Furthermore, some children in our study improved their motor development considerably during the baseline period suggesting that young infants with injuries in the immature brain may show spontaneous recovery or maturation even without intervention [3]. In line with this, it may be difficult to separate the effects of intervention as opposed to natural development at such an early age [3,40]. One way to estimate change above natural development could be to contrast individual development against GMFM-66 reference percentiles for children at separate GMFCS levels [34]. Based on this procedure, our results suggest that children later classified at GMFCS levels I-III possibly improved their gross motor abilities more than expected during the Small Step intervention program but not necessarily more during the training periods targeting mobility.

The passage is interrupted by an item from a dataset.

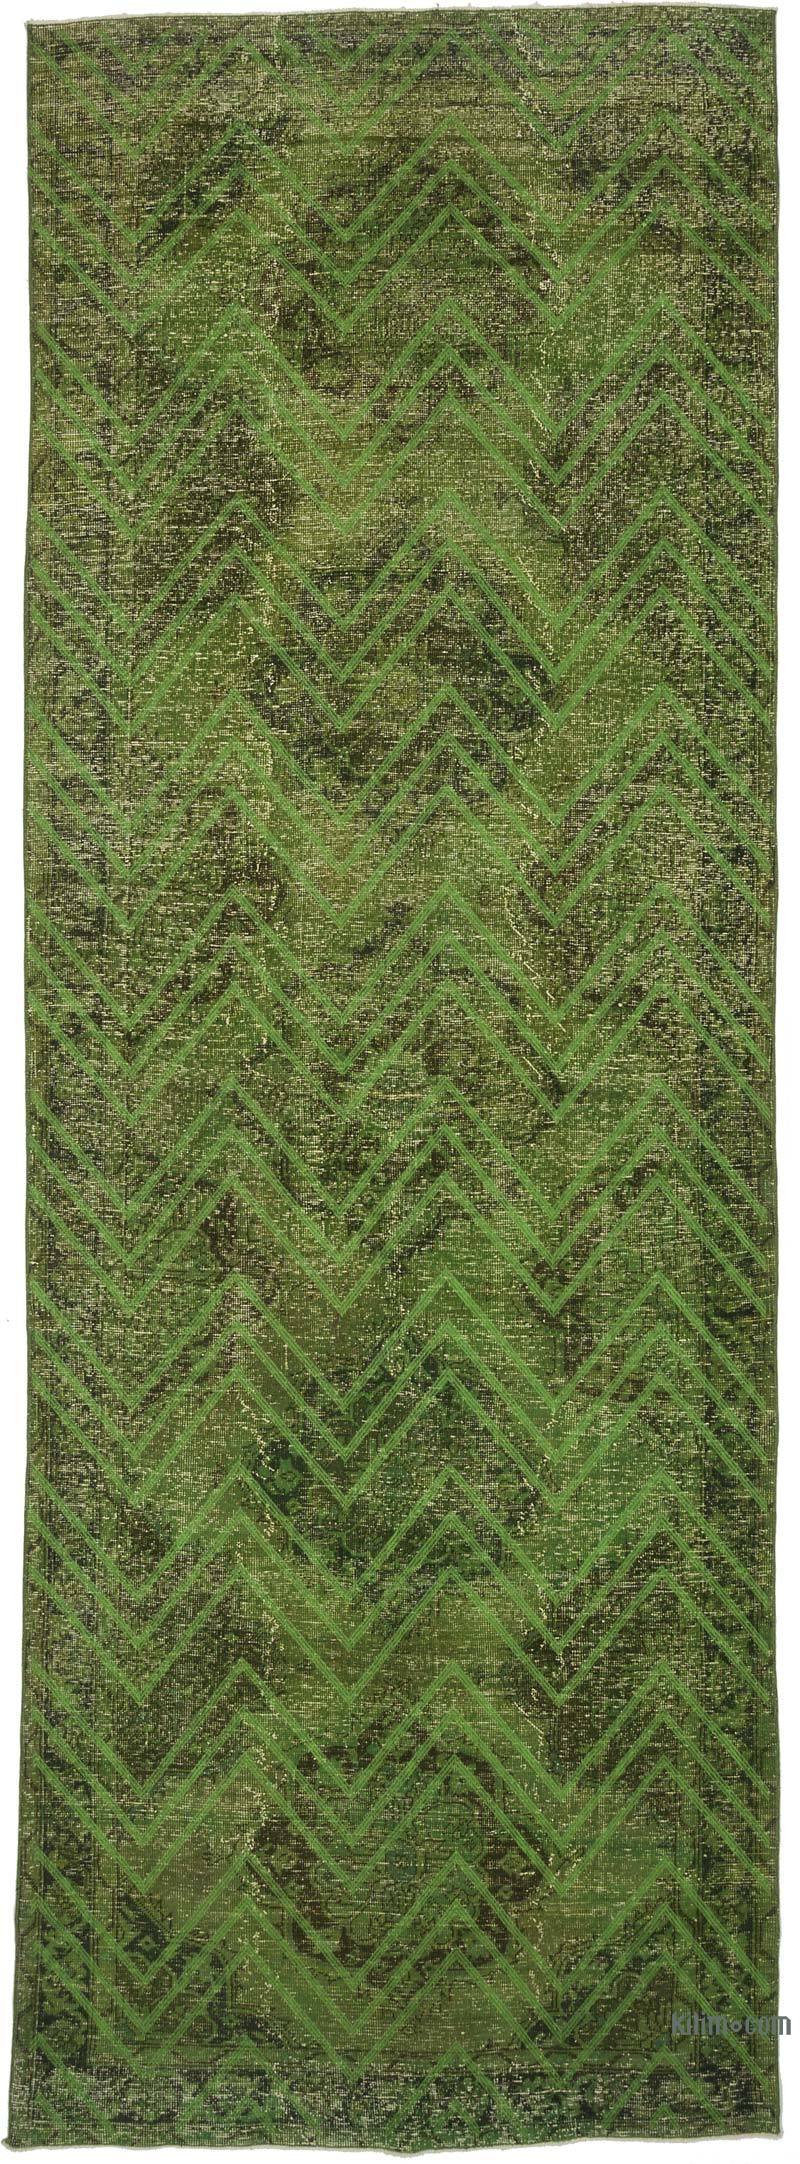 Yeşil İşlemeli ve Boyalı El Dokuma Vintage Halı - 148 cm x 406 cm - K0038731

However, these results must be interpreted with caution since the reference curves are based on data containing large individual variability [33,34,35]. Larger intervention studies are required to investigate this further.

4.3. Strengths and Limitations

The single-subject research design enabled the exploration of training effects for infants at risk of the most severe CP types. This may be considered a strength, given the limited research on early interventions for non-ambulant children with CP and GMFCS levels IV–V. Another strength was the investigation of intervention fidelity indicating that the therapists implemented the Small Step program according to the general intervention principles and coaching strategies. This may contribute to explaining why there was little difference in treatment effect between the various intervention periods. The parents may have integrated the training principles and continued with the training after the specific training period was completed.
The first and foremost limitation was that we did not have enough repeated measures during the intervention periods to preclude effects caused by tiredness, pain, or other factors. Optimally, we should have had a minimum of three testing points during each training step [13]. Furthermore, the HAI is still not validated for infants with a high risk of bilateral CP; thus, raw scores were used in the analysis. The HAI interval level data may have yielded results more representative of true changes. Lastly, blinded scoring was only performed for the HAI. Thus, it cannot be ruled out whether this affected the results although the therapists responsible for the testing were not involved in the provision of the intervention.

5. Conclusions

Our study indicates that the Small Step program facilitated motor development in children at high risk of CP, with no specificity of training. Children who responded best had moderate HINE global scores (28–50) at three months of corrected age. In contrast, children with low HINE global scores (≤25) and severely delayed motor function showed only minor improvements and were classified at GMFCS and MACS levels IV and V. Further research is required to investigate the most effective intervention approaches, especially for infants at high risk of severe CP.

Supplementary Materials

The following supporting information can be downloaded at: https://www.mdpi.com/article/10.3390/jcm13175287/s1, Table S1: Fine and gross motor development measured with Peabody Developmental Motor Scales 2nd edition (PDMS-2).

Author Contributions

Conceptualization, A.-K.G.E. and A.-C.E.; Data curation, A.-K.G.E. and K.H.G.; Formal analysis, A.-K.G.E., S.B.K., G.H., I.R.B., K.H.G., S.L. and A.-C.E.; Funding acquisition, A.-K.G.E.; Investigation, A.-K.G.E. and K.H.G.; Methodology, A.-K.G.E., K.H.G. and A.-C.E.; Project administration, A.-K.G.E.; Supervision, A.-C.E.; Visualization, A.-K.G.E. and A.-C.E.; Writing—original draft, A.-K.G.E., S.B.K., G.H., I.R.B., K.H.G., S.L. and A.-C.E.; Writing—review and editing, A.-K.G.E., S.B.K., G.H., I.R.B., K.H.G., S.L. and A.-C.E. All authors have read and agreed to the published version of the manuscript.

Funding

This research was funded by “Samarbeidsorganet” and “Felles forskningsutvalg” between the Central Norway Regional Health Authority and the Norwegian University of Science and Technology (NTNU) in Trondheim, Norway, grant numbers 90056100, 46055600-102/153, and 28308.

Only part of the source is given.